В суде Пуханов рассказывал: «Меня словно кто ударил по голове, все завертелось, в глазах потемнело, и я полетел в какую-то пропасть». Он схватил стол и с невероятной силой ударил его об пол. Стол крякнул и развалился на куски. Гости бросились вон, давя у двери друг друга. Первым выскочил лейтенант, без шапки и шинели. Пуханов носился по дому, как ураган. Бил, громил, топтал, корежил. Когда уже больше бить и ломать было нечего, он сорвал с петель дверь, унес ее на спине и бросил в реку.
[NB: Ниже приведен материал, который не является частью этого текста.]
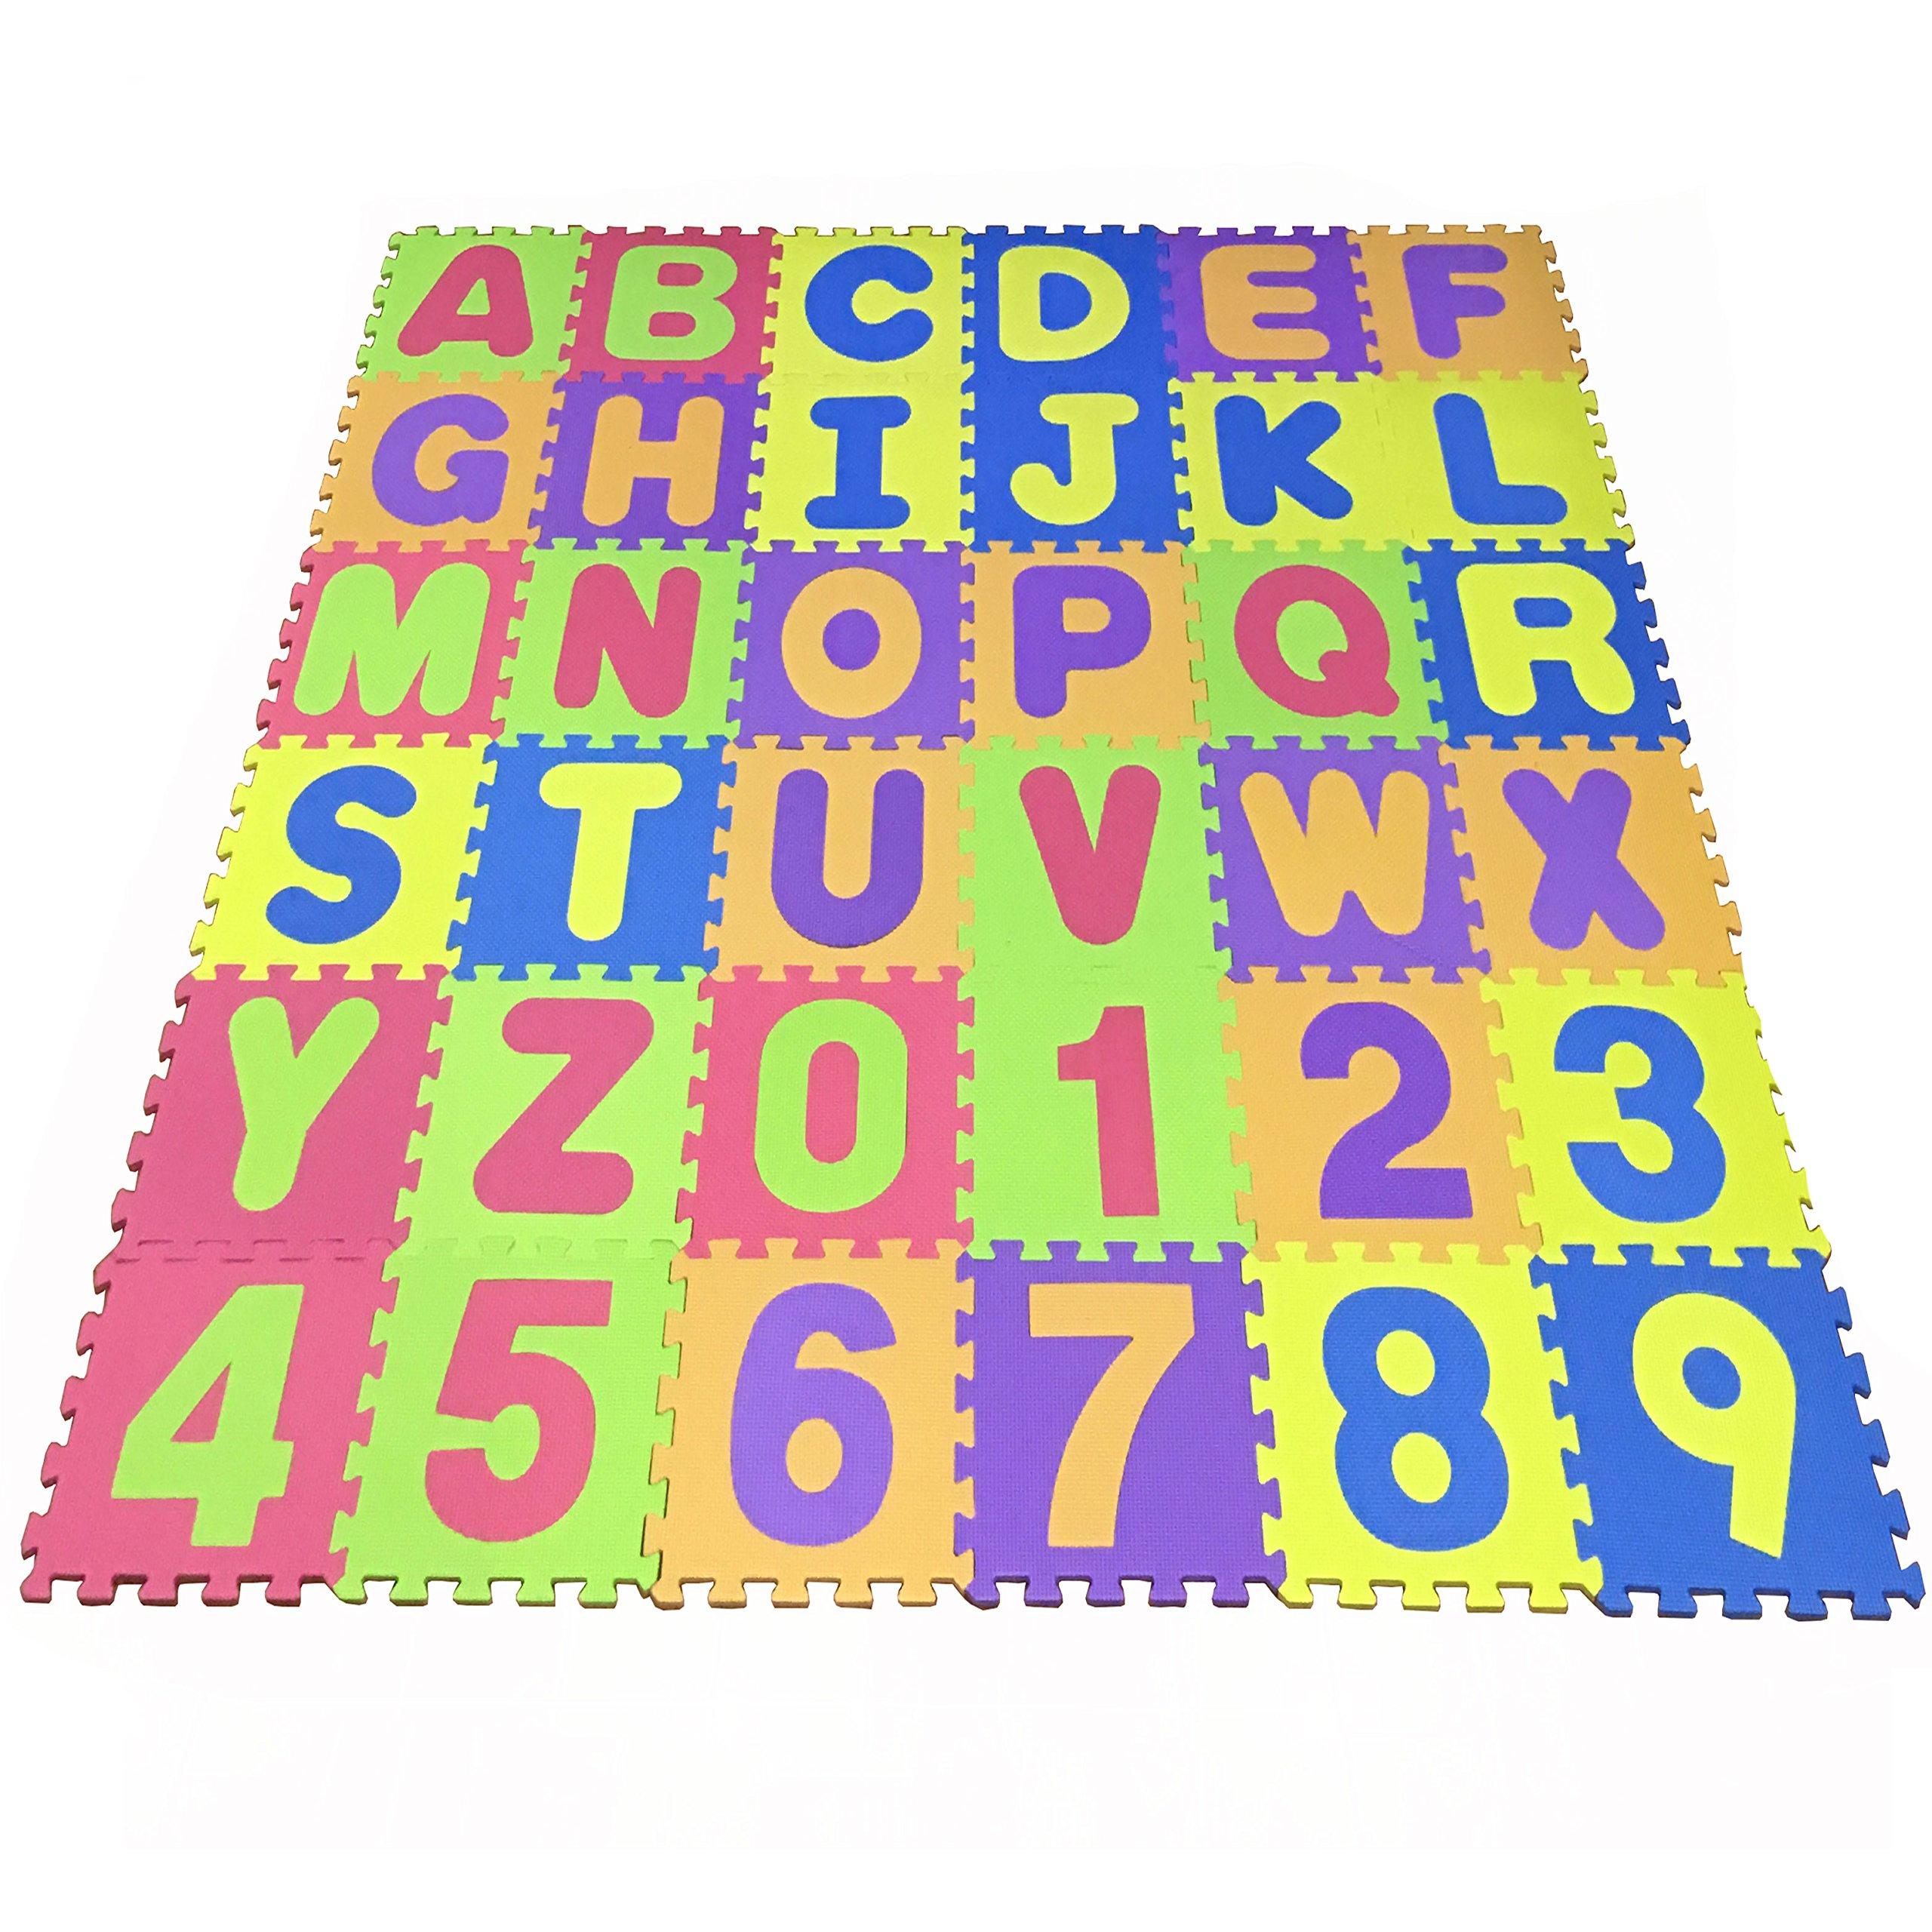 Puzzle Play Mat,Foam Floor Play Mat,Foam Interlocking Tiles,Alphabet & Number Foam Puzzle Mat,NON-TOXIC EVA 36 Piece Multi-Color Children Play & Exercise Mat (Large) (Large) by Chuanyue (Image #1)

В суде Пуханов держался вызывающе. В последнем слове заявил, что он ни в чем не раскаивается, и, если бы в ту минуту ему под руку попал лейтенант, он бы его наверняка укокошил. Лейтенант на другой же день после скандала уехал. Когда я стал допрашивать секретаршу, она вся затряслась, заплакала и попросила простить его. Пуханова осудили на год лишения свободы. Он выслушал приговор и удивленно спросил:
— За что? За разбитые горшки? А что тут разбито вдребезги, — он постучал кулаком по груди, — так это вам ничего. Эх вы, судьи!
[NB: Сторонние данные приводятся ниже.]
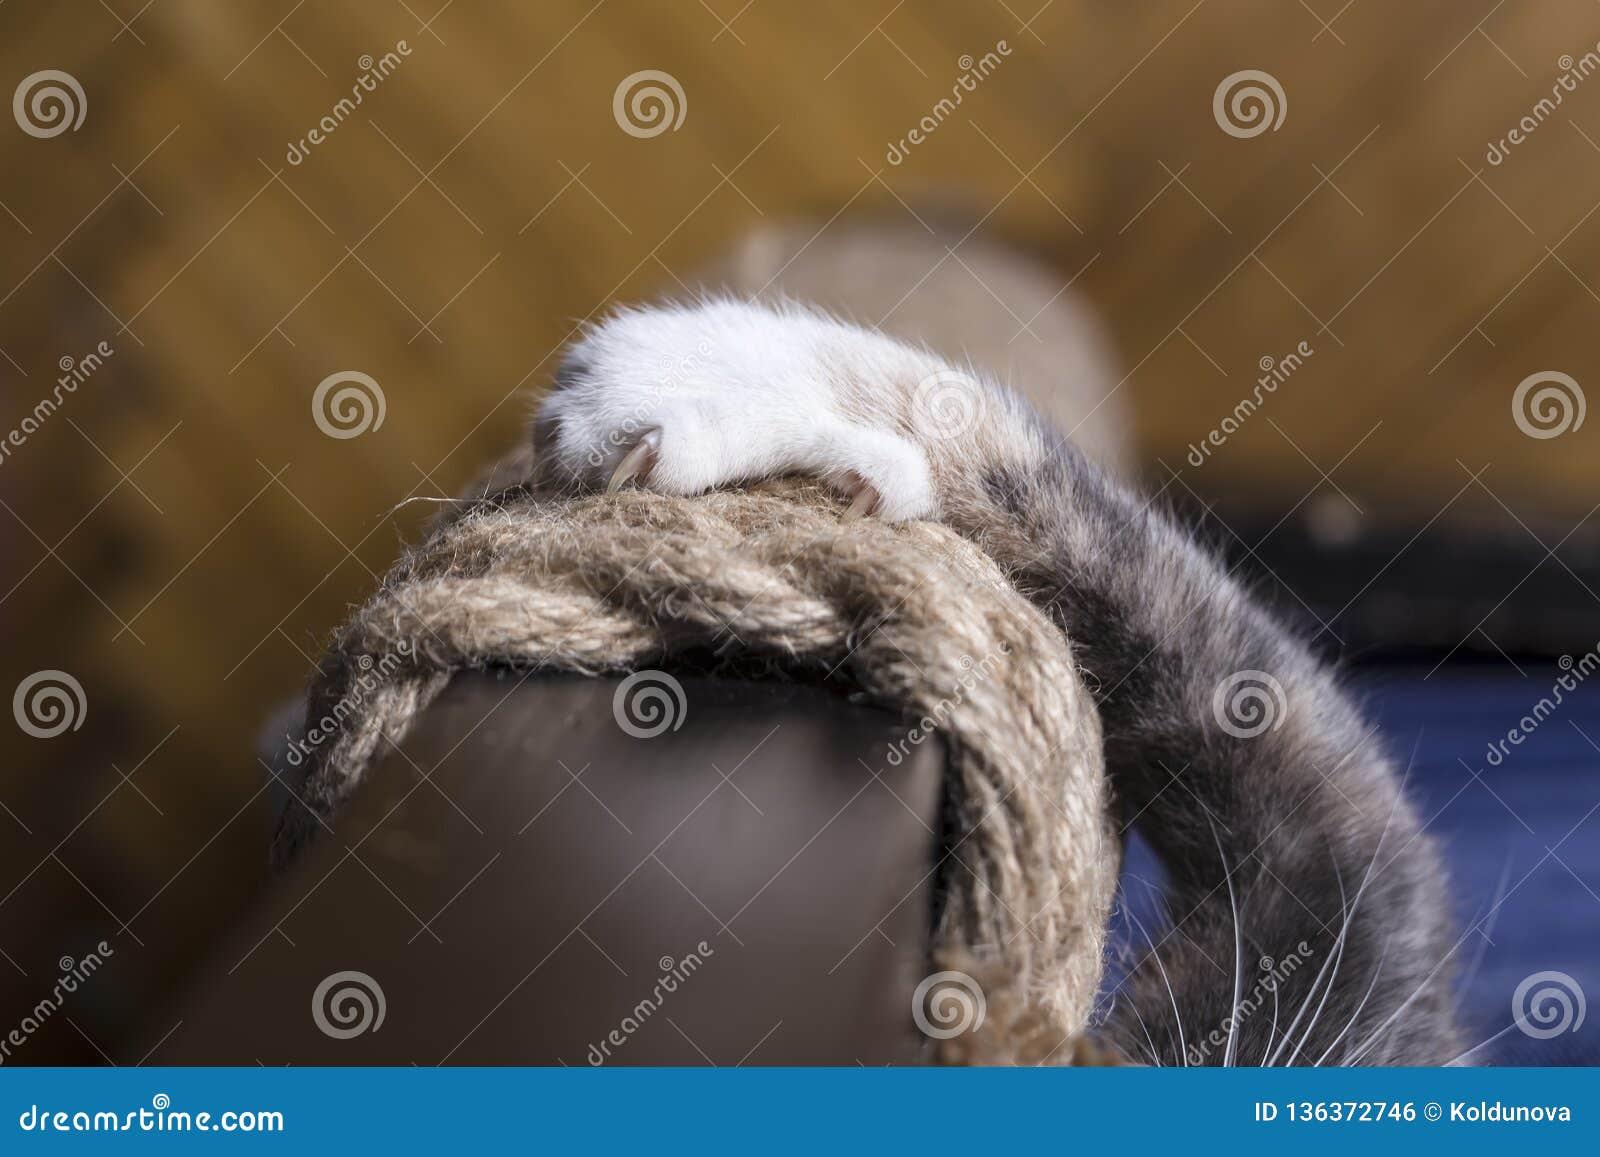 Kot łapa z ostrzem drapa na arkanie

Милиционер тронул его за рукав и сказал: «Пойдем».
— Пойдем, — вздохнул Пуханов и погрозил кулаком: — Погодите, отбуду срок — я вам все припомню!
Милиционер завернул ему руку за спину и вывел на улицу.
И вот через полтора года его угроза сверкнула, как молния средь ясного неба. Я мертвой хваткой вцепился в поручень и сжался в комок, думая, если он меня прирежет, то не так просто будет ему сбросить меня с подножки. А Пуханов насмешливо сквозь зубы цедил:
— Судья и преступник на одной подножке поезда. Вот так встреча. Расчудесные чудеса.
Я плохо слушал. Страх отнял у меня способность думать, понимать, соображать. В голове вертелась одна дикая мысль: махнуть с подножки под откос. Но поезд шел быстро и как раз по тому перегону, который здешний народ прозвал «проклятым». Зимой здесь погиб парторг колхоза «Новая жизнь». Он возвращался домой глубокой ночью в снежный буран с бюро райкома. Парторг шел по рельсам против ветра, закутав голову башлыком. Поезд подкрался сзади и раздавил его, как муху, а осенью на ходу из товарного вагона вывалилась свинья, и совсем недавно на этом перегоне паровоз сбросил с рельс корову. Только бы проскочить этот проклятый участок, там начнется подъем. Я мысленно молил бога, подгонял и торопил поезд. Пуханов, казалось, не обращал на меня никакого внимания. Сидел он на ступеньке, сгорбясь, втянув голову в плечи. Но вот он пошевелился, кинул на меня косой взгляд и сунул руку в карман. И в то же мгновение какая-то неведомая сила толкнула меня с подножки. Я очень плохо помню, как это получилось… Его рука, схватив меня за воротник, придавила к ступеньке. Лицо у него было, как мел, а в расширенных веках вместо глаз метались огромные белки. Пуханова трясло. Он долго не мог поймать в пачке папиросу. Наконец это ему удалось, и он в пять глубоких затяжек выкурил ее. Я чувствовал себя так, словно меня опустили в парное молоко.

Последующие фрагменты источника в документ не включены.